Conversation length: how long can a chat session run before history truncation or summarization kicks in, and what does the user experience when that happens?
Cost model: what is the token cost per session at P90 usage, and does that support your pricing tier?
Agent architecture: which tools, documents, and history does each agent step actually need? More is not more.

In 2026, a 10M-token context window exists. Feasibility is not the question. The question is what viable and lovable context management looks like: users never see truncation errors, never re-explain their history, their documents just work, while your cost per query supports the business. That is an information diet problem, not a window size problem.

Interview answer

strong

"The context window is the total token budget shared by everything the model sees and produces in one call: system prompt, conversation history, retrieved documents, tool outputs, and the reply itself.
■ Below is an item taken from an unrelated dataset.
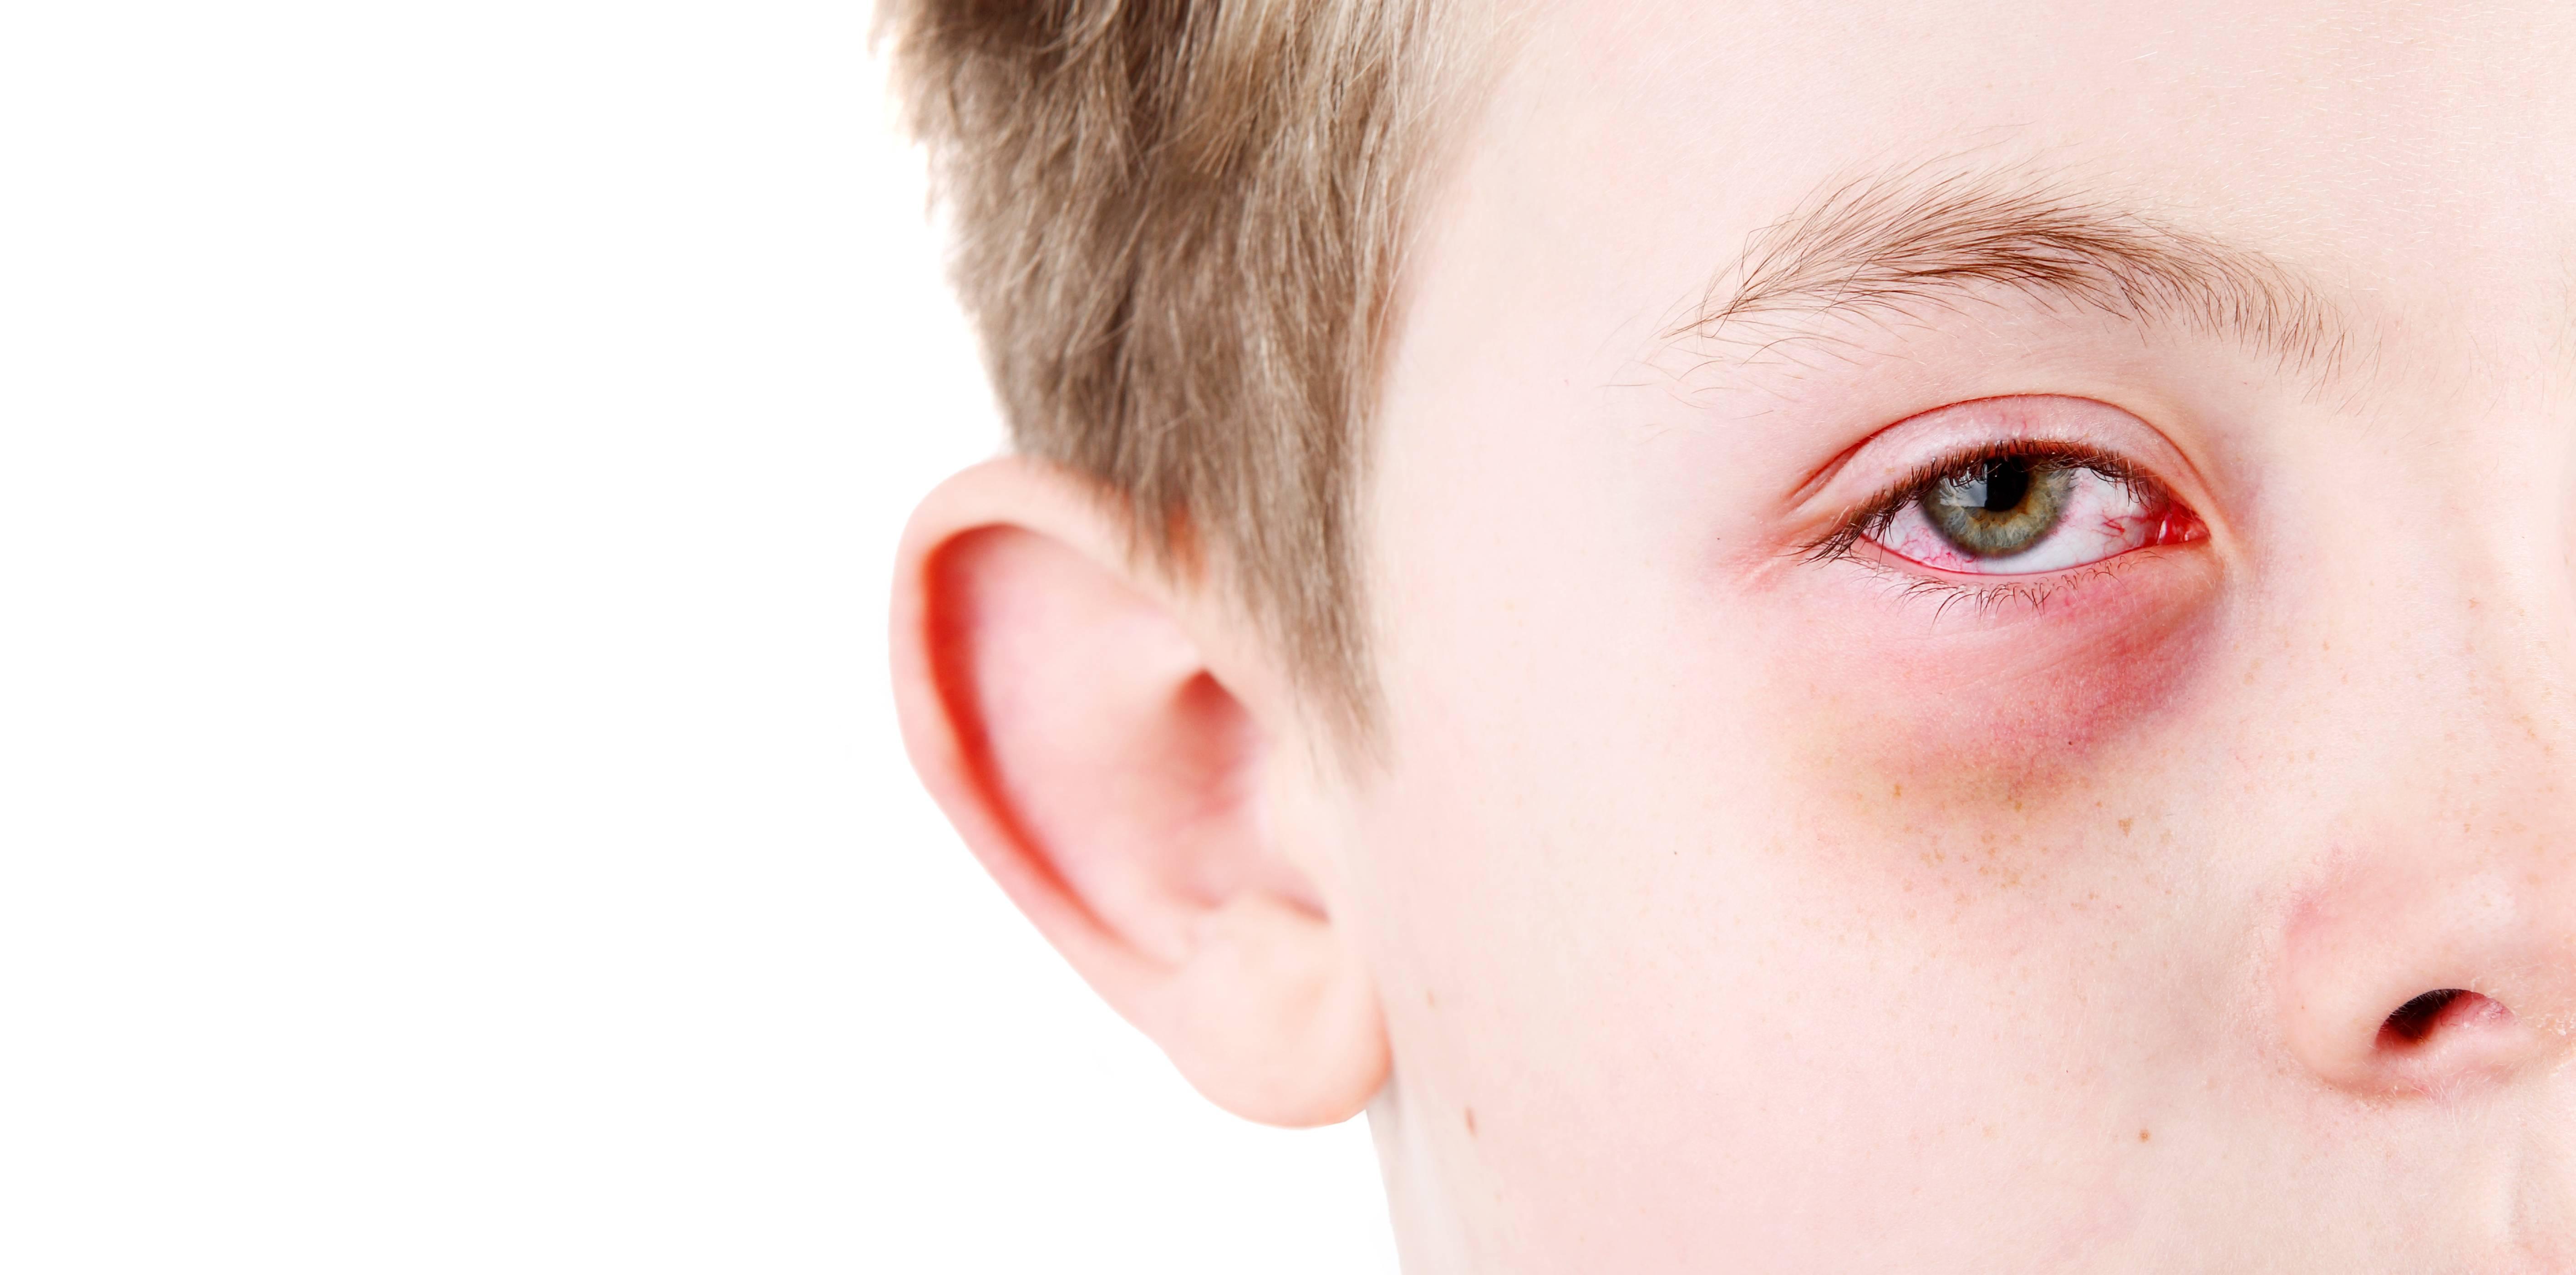 Конъюнктивит у ребенка: 95 фото и видео лечения домашних условиях

The headline number is the input window; the output cap is separate and tighter. Claude Sonnet 4.6 is 1M input but only 64k output. GPT-5.4 charges premium rates above 272k tokens even though 1M is advertised. In practice, vendor deployments on Bedrock or Vertex often cap below the base model spec, which is a common production trap. The bigger PM insight is that bigger windows do not automatically mean better results. Accuracy dropped 39% on average in multi-turn adversarial benchmarks, and a support routing system went from 70% to 90%+ accuracy by cutting context from 140k tokens to 6k by selecting only what mattered. So my product decisions around context windows are about information diet: which documents, tools, and history does each step actually need, and what does that cost per query at scale? I'd evaluate with latency benchmarks at P90 session length, token cost projections by usage tier, and retrieval evals checking that the right content is being surfaced, not just included."

weak

"The context window is basically the model's working memory, how much text it can hold at once. Bigger context windows mean the model can handle more information." This stops at the analogy without touching the asymmetry between input and output caps, the cost tiers, the degradation at scale, or any product decision it informs. A candidate who gives this answer at an AI-native company signals they read a definition but have never had to design around a token budget in production.

What the follow-up tests

Interviewers at AI-native companies follow context window questions with: “How would you design a product that handles long documents without hitting context limits?” or “What is the difference between RAG and long-context, and when would you use each?” Both questions test whether you can translate a technical constraint into a product architecture and a cost model, not just recite the definition.

The answer chain they want: window size is a budget, not a ceiling to ignore; context discipline (what you include, what you retrieve, what you compress or summarize) drives quality and cost more than raw window size; RAG and long-context are complements with specific conditions of use, not alternatives. For the cost-per-query lens that connects this to pricing decisions, see LLM unit economics.